How A Hair Massacre Got Me Here!
While attending high school in Germany, during the late 80’s, I became mesmerized by New Wave and Goth culture. I felt a strong desire to look like every member of the bands I listened to. Especially my favorites, Depeche Mode and The Cure. This led to my inevitable experimentation with cutting and coloring my hair.
Ruining the bathroom rugs in my parent’s house became a rite of passage for me. A couple of bottles of medicinal hydrogen peroxide and two hours of blow-drying gave me the best shade of orange marmalade anyone had ever seen. Looking back at how hideous a color that actually was, I can laugh at myself now. At the time I was pretty proud of my pumpkin spice latte locks.
One fateful day, I headed down to the barber shop with five dollars in my hand. It was time to have my art work trimmed up. As I sat in the chair, the German woman zipped and snipped around my head with a combination of scissors and clippers. She worked so fast. With all the gyrations around my head and the manipulations of the strands, I was sure she would transform my home dye job into a salon-prepared pièce de résistance. Because she had the chair turned away from the mirror, I had to trust that my awesome new look would be revealed to me at home. I don’t even think I peeked at her handiwork before I left.

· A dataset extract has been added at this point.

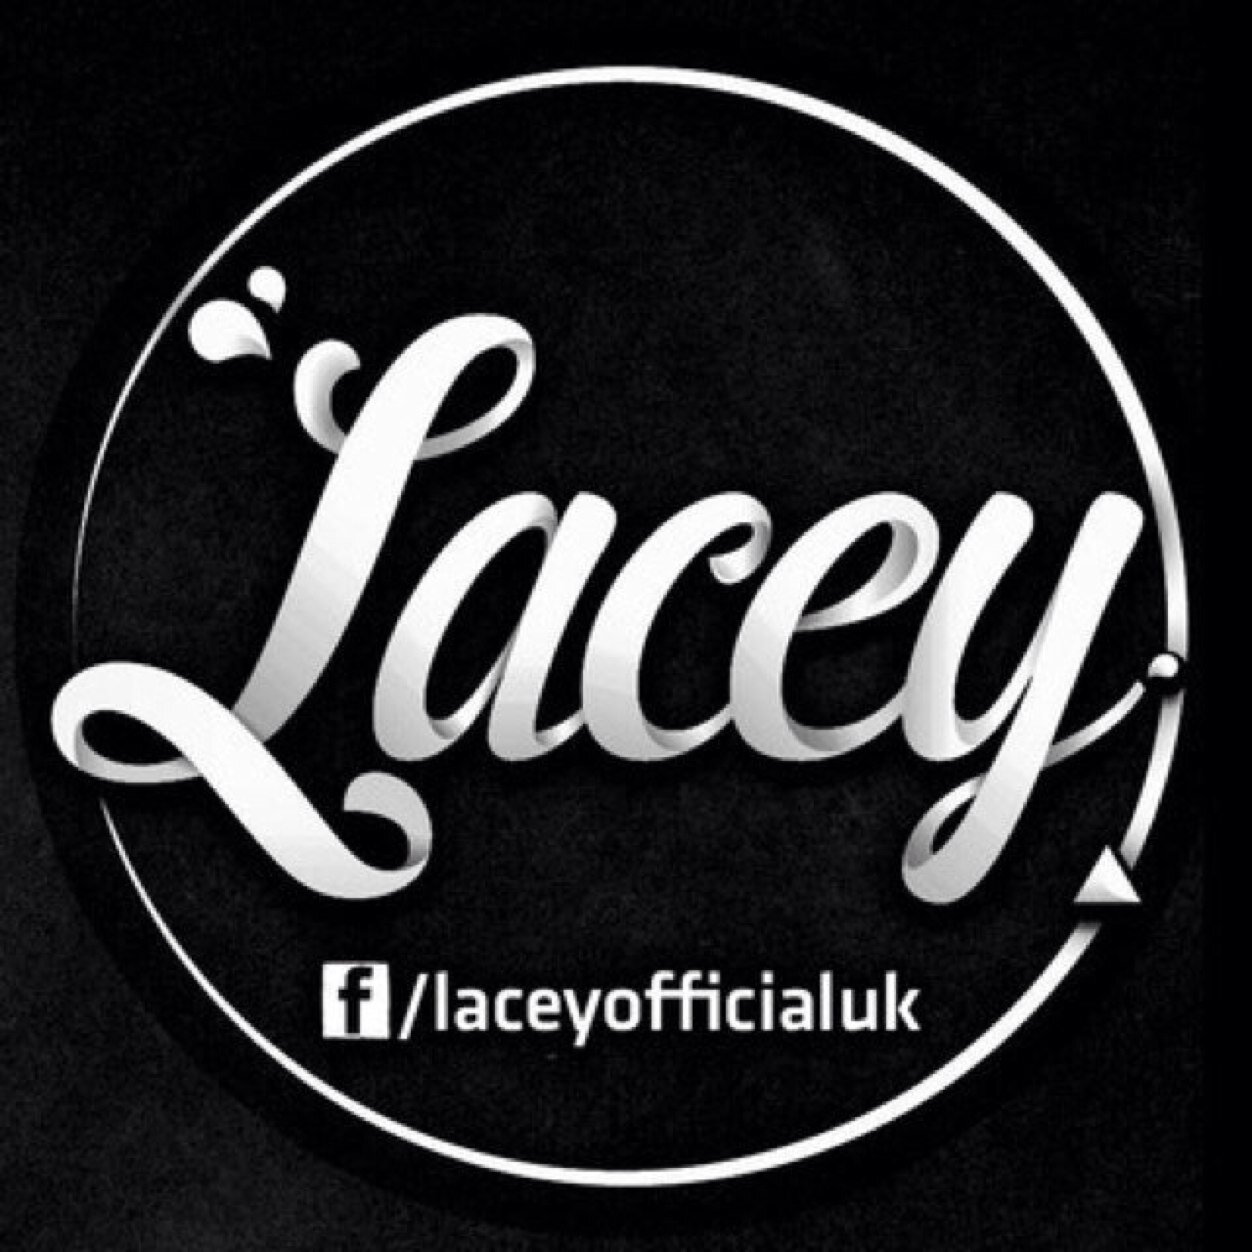 Hey it's Joanne here, I suck at this thing. Follow @LaceyOfficialUk and @LaceysOutlaws pls.
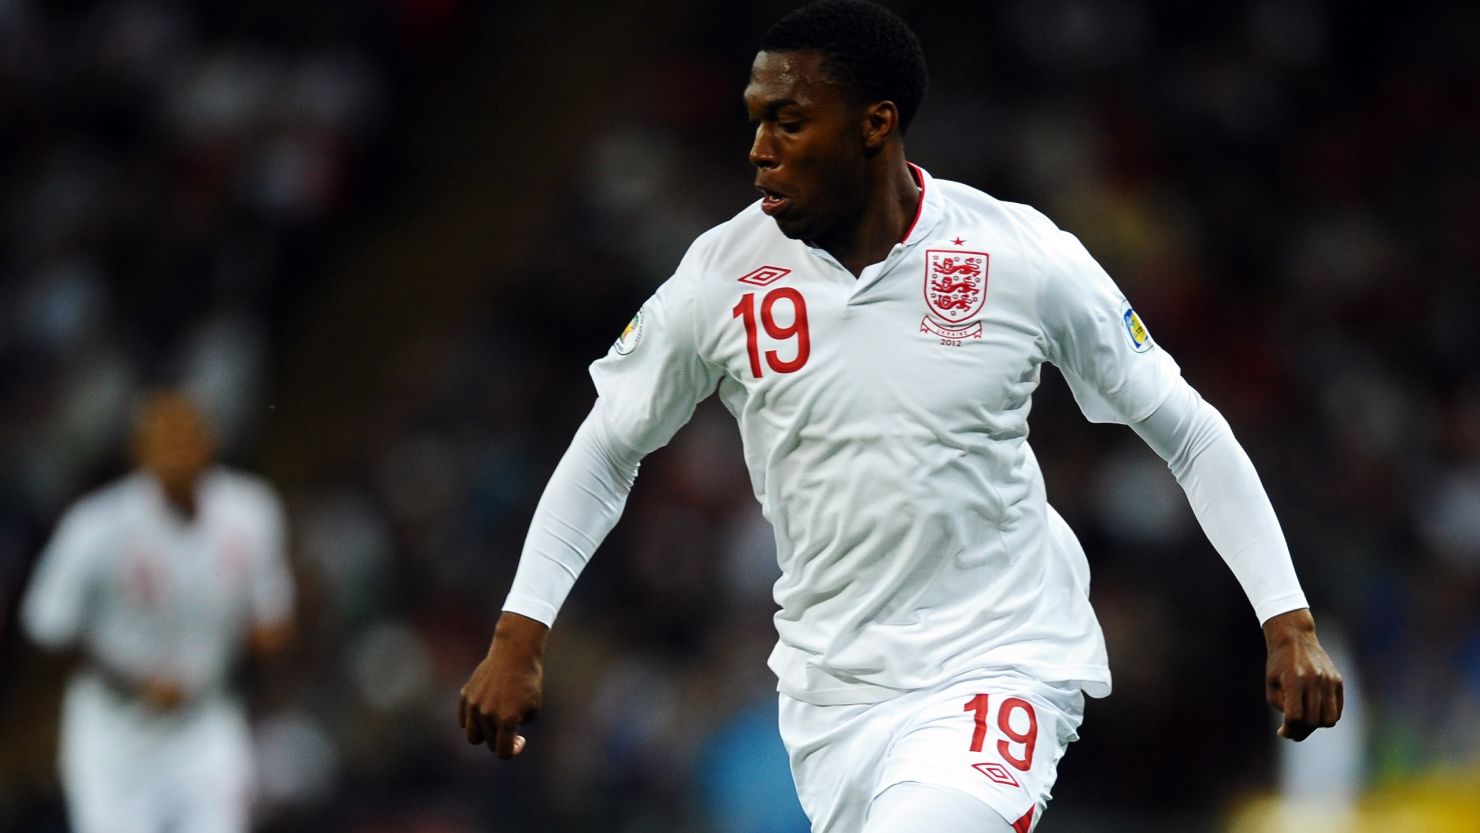 England international Daniel Sturridge has completed his $19.6 million move from Chelsea to Liverpool.

As soon as I got home, I looked into the mirror to check it out. Nothing could prepare me for the devastation. It had been about a month since I’d colored it and the roots had grown out quite a bit. All around the top of my head where the barber pinched my hair together, I found massive potholes in the “blonde” parts. This exposed the near black natural color at the roots. It could only be described as a chainsaw hair massacre. I really wasn’t sure what to do about it, and I definitely was not going back to the barber shop.
For my summer job, I did some yard work including clipping hedges. It dawned on me that I might be able to apply my hedge clipping skills to my own head. So, I had my dad take me on base to buy a set of hair clippers. Somehow, I was able to shave and shape my way into a decent haircut. It only took three hours due to my OCD (Obsessive Cutting Disorder), but it was worth it. Being able to salvage the lighter color in the front was a bonus.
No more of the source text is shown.